### ACTIVITY
Look for the word "Shirt" in the records, and copy each line where it appears.

### RAW DATA
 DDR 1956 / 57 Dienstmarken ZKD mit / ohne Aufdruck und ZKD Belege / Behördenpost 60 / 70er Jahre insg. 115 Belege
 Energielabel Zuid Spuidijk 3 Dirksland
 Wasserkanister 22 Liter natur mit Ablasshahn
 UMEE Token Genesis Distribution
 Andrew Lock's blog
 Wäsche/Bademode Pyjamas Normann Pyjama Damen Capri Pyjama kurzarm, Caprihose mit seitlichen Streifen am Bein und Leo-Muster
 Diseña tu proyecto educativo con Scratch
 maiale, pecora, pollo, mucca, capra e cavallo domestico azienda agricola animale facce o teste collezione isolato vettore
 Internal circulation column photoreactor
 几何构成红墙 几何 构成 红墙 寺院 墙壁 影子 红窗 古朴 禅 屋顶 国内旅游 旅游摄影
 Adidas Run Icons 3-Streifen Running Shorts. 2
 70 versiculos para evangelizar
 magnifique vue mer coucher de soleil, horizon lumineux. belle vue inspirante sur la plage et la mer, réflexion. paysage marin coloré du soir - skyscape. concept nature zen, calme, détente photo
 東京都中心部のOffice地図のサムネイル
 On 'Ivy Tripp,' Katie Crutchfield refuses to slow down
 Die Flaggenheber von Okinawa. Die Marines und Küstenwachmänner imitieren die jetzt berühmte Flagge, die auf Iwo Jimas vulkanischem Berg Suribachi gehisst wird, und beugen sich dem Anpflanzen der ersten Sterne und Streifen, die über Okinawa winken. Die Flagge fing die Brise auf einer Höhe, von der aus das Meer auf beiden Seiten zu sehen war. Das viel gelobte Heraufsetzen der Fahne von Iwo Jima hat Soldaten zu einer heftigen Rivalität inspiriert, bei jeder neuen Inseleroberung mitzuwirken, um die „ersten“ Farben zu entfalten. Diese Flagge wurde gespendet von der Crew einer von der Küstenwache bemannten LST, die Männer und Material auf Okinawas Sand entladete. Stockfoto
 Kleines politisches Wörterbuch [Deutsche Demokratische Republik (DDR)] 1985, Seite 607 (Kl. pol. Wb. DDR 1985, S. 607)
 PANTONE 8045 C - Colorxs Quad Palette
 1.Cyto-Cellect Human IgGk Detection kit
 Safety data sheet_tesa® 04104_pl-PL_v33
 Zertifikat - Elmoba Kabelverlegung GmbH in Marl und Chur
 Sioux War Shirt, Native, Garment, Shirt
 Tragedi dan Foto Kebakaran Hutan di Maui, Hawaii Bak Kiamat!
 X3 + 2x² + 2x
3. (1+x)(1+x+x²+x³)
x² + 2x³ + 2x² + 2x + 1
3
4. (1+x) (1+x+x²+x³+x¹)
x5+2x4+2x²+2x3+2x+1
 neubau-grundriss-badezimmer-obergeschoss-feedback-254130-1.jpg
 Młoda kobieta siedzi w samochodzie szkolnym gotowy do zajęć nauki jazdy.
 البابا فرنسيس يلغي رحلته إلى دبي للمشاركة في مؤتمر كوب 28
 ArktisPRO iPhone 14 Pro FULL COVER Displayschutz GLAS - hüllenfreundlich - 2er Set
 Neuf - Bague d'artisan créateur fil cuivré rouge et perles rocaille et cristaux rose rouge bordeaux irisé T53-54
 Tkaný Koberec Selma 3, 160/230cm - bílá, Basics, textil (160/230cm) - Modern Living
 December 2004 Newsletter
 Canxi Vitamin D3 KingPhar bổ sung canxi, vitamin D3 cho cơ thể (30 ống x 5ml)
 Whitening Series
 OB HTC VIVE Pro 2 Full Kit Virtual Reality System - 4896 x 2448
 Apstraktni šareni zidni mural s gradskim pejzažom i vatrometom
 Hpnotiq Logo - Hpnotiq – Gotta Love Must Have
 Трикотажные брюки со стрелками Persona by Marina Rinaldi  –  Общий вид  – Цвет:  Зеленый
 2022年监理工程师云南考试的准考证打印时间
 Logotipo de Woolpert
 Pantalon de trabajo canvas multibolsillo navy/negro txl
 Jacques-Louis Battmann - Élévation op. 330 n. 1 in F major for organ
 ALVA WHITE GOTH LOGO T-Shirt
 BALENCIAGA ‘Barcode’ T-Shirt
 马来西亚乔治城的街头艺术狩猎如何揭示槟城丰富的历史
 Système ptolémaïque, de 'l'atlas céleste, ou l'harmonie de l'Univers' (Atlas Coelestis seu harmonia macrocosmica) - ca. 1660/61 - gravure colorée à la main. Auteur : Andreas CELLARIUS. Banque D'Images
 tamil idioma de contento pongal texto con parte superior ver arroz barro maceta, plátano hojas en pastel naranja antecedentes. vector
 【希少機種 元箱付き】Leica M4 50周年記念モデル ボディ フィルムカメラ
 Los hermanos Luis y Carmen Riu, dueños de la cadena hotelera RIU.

### EXERCISE ANSWER
 Sioux War Shirt, Native, Garment, Shirt
 ALVA WHITE GOTH LOGO T-Shirt
 BALENCIAGA ‘Barcode’ T-Shirt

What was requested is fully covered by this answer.